Repeat the records below exactly from the line containing "Kudo Wall é" to the line containing "Selecciona el color", taking in both of those lines. Drop the pictures.

[Opening Data for this task section]

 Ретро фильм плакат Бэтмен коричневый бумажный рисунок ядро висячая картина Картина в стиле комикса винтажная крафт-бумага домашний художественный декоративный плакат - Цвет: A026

[Closing Data for this task section]
[Opening Data for this task section]

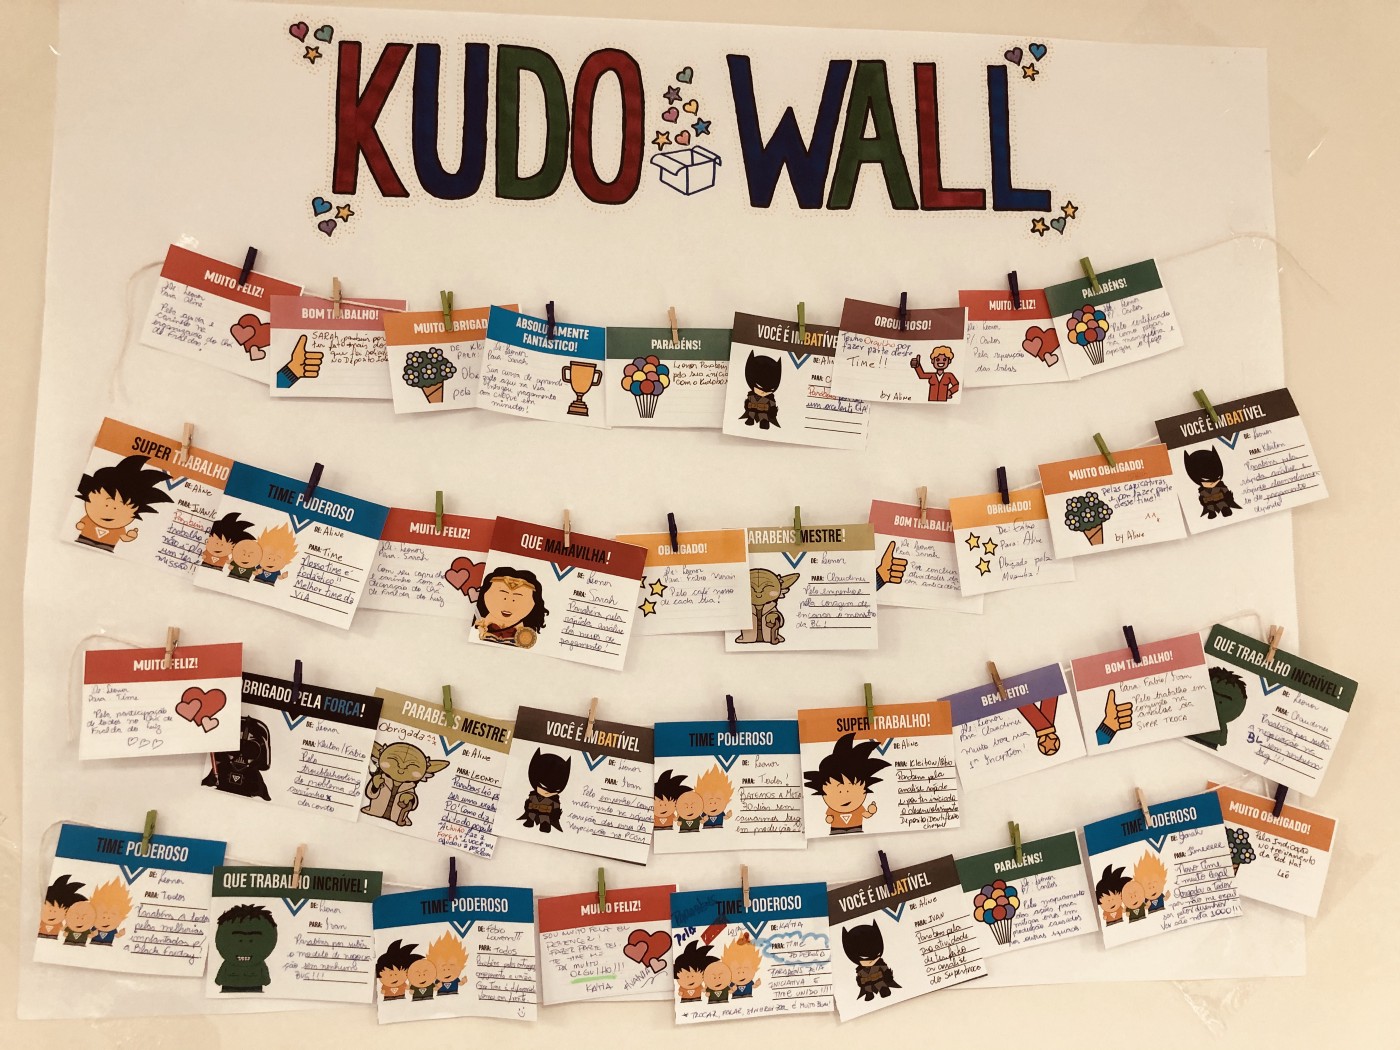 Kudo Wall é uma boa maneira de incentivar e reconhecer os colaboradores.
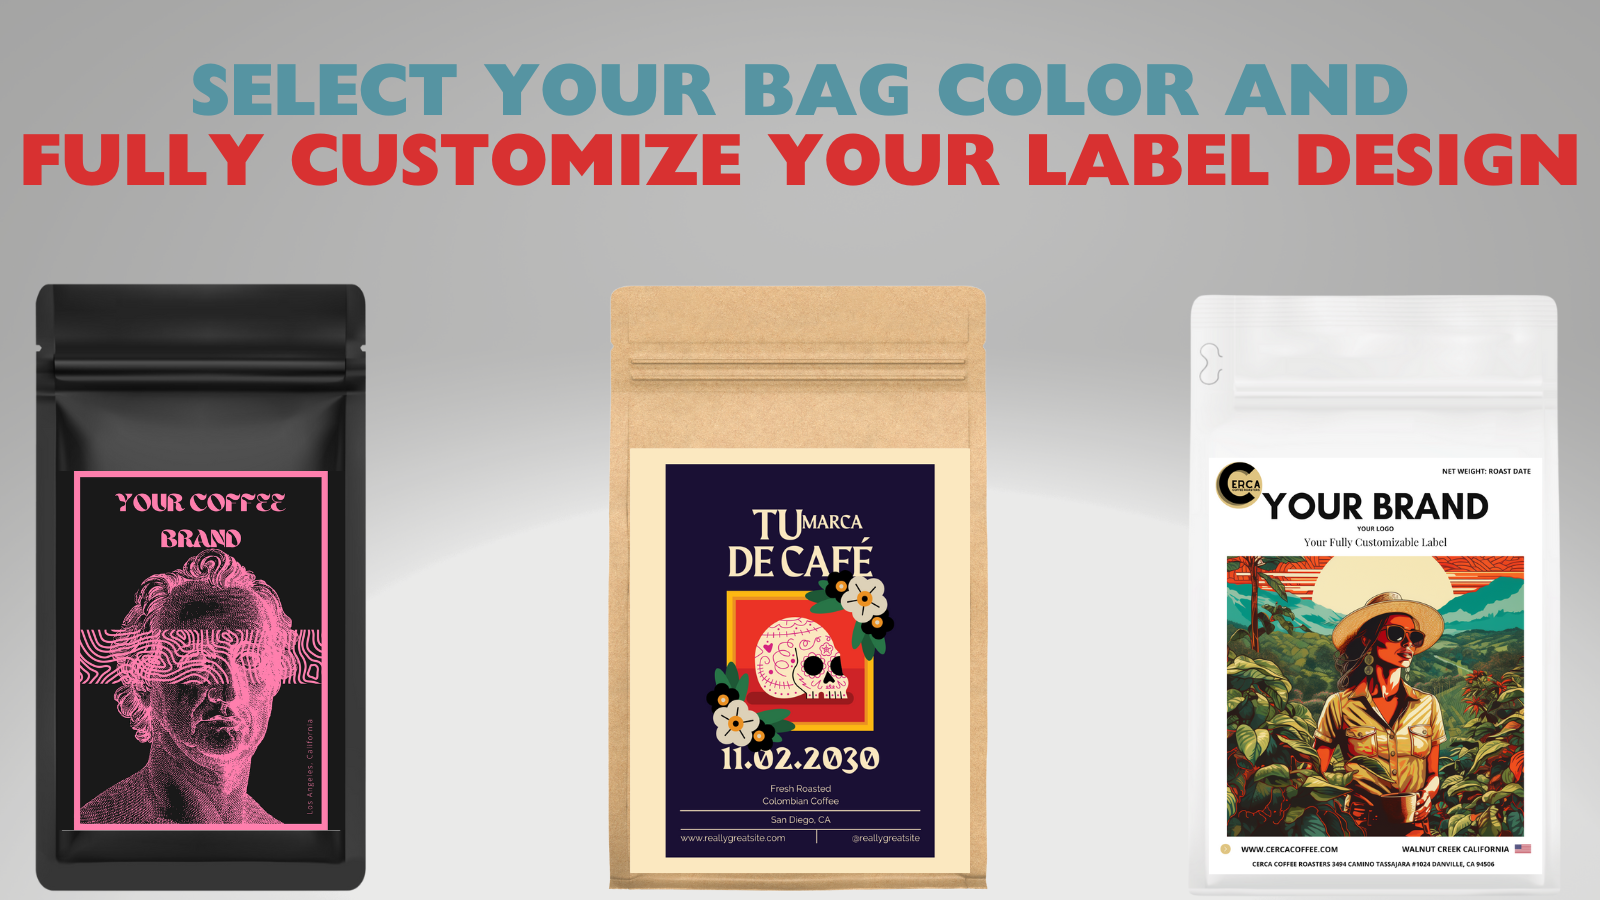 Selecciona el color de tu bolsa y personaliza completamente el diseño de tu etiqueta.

[Closing Data for this task section]

Response to the task:
 Kudo Wall é uma boa maneira de incentivar e reconhecer os colaboradores.
 Selecciona el color de tu bolsa y personaliza completamente el diseño de tu etiqueta.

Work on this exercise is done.